As Iqaluit’s streets are reduced to rubble, residents’ pocketbooks — and rumps — are taking a beating.

By NUNATSIAQ NEWS

ALISON BLACKDUCK

IQALUIT — It seems every Iqaluit resident is paying in time, money and sometimes their physical well-being for the city’s deteriorating roads.

Each of Iqaluit’s four taxi companies has suspended service at various times over the past week because the cost of fixing their cars exceeds the amount of money their drivers are making.

Some employees also say the jarring pressure of driving full-time is taking a serious toll on the backsides of Iqaluit’s 81 taxi drivers.

“I would say it costs between $12,000 and $15,000 a year to maintain my vehicle,” taxi driver Roger Dubé estimated last Friday afternoon while waiting for his vehicle to be serviced at the Nanook Polar Taxi garage. “But, right now with roads like they are, you can put $500 a week easy if your luck isn’t that bad.”

Dubé estimates that every day his car is off the road, he loses about $300 in income.

His lament is shared by fellow owner-operator Jean-Rock Coté.

“I worked two hours yesterday and I broke two stabilization bars, and the muffler came undone after two hours of work!” Coté says while watching Nanook’s resident mechanic, Donald Lavoie, service his car.

“Just for yesterday it’s going to cost me a couple hundred for sure, and if I go back on the road it’s a couple hundred more for an evening if I’m lucky,” Coté says.

“I can write [the repairs] off [as a business expense], but right now the expense is more than the income, so you work for nothing.”

All the damage makes Lavoie, the mechanic, shake his head in amazement.

Holding a car-spring seat-plate in his hands in preparation for repairing a vehicle, Lavoie says he’s never had to replace such a part in his 20 years of automotive experience.

“This part costs more than $100 and will take about four hours to install, making the total cost of the entire job between $500 and $600,” he says.

The damage is also affecting the drivers’ health, Dubé says.

“I’m lucky I’ve got a good back, but I can tell you it’s hard on somebody with a bad back,” he says. “Like last night, one guy says he had to sleep on the floor because he was losing his posture.”

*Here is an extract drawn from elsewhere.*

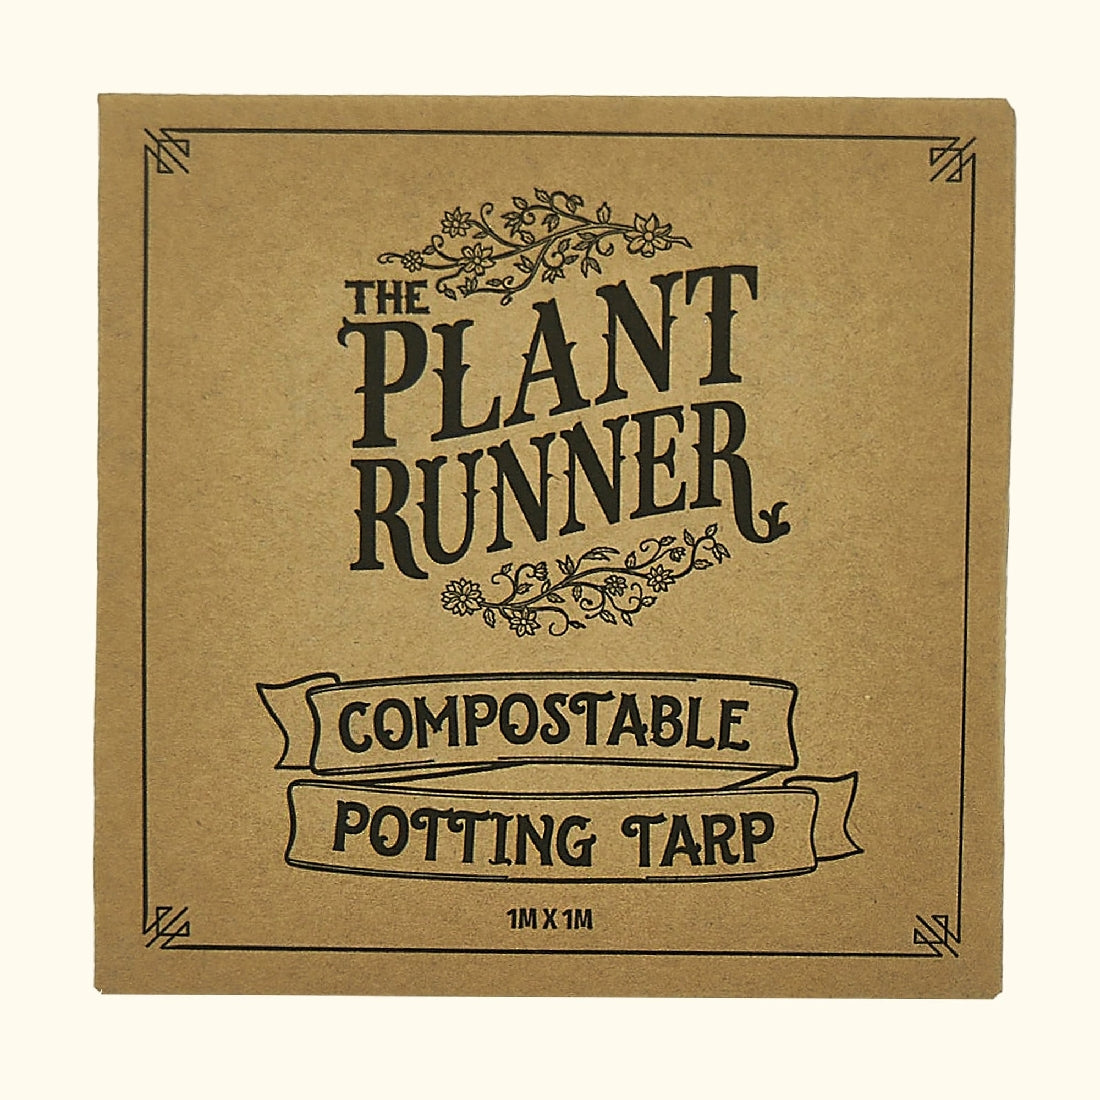 PLANT RUNNER COMPOSTABLE POTTING TARP

All this mechanical work may seem like pay dirt for employees of Iqaluit’s automotive shops, but they’re directly affected by the situation too.

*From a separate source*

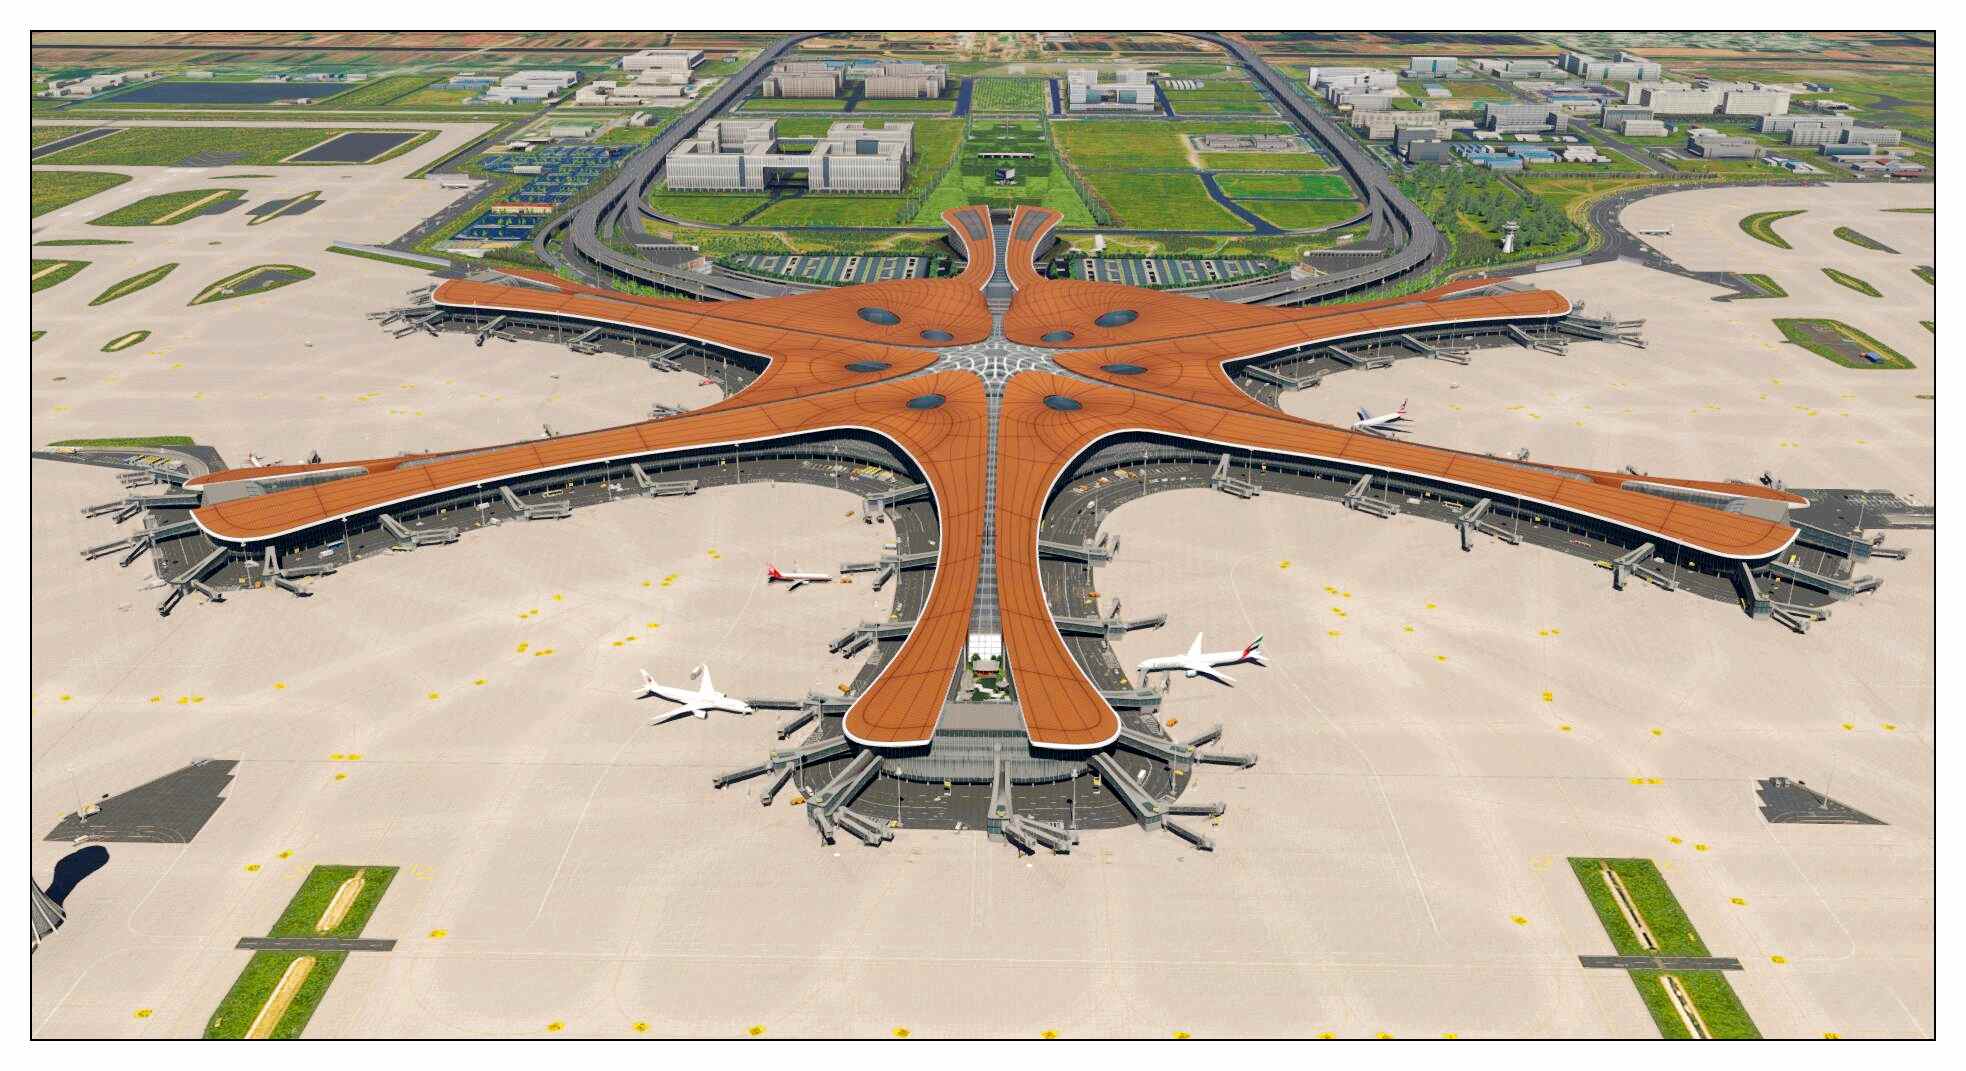 【X-Plane】ZBAD北京大兴国际机场-正式发布-2366

“The roads right now are atrocious. I don’t even like driving my car,” says Dave Boone, J&G Automotive’s service and parts manager. “I just ripped the exhaust off my vehicle this week, so I have to replace it when the roads get a bit better.”

One vehicle part that’s been particularly hard hit by the road conditions, Boone says, is the constant-velocity drive shaft, or CV shaft, which needs to be replaced in most vehicles every two to four years.

“The CV shafts are what makes the car go, because once you break one most front-wheel-drive cars won’t go,” he explained. “See, when the ice hits the boots [of the CV shaft], it rips the boots and then all the dirt and garbage goes inside … It takes the CVs out and if it’s really bad, it will bust them.

“Usually, the driver notices a bunch of clicking when they turn the corners and [when] the CV shaft goes, your wheel can fall off,” Boone says.

“During the second week of May, we replaced CV shafts in … about six vehicles,” he says. “Two vehicles needed both sides replaced, but others only needed one side.”

According to Boone, replacing the CV shaft costs customer between $200 each for smaller vehicles and more than $400 each for trucks.

And that’s not including the cost of hour-and-a-half of labour per side.

But there is one person who’s laughing, and that’s J&G employee Nathan Zukiwsky.

“My vehicle is a 1996 XT 225 dirt bike,” he laughed. “This is my glory… I’ve been driving that for about two months in the snow and everybody used to be looking at me and pointing. Now they’re all wishing they were me.”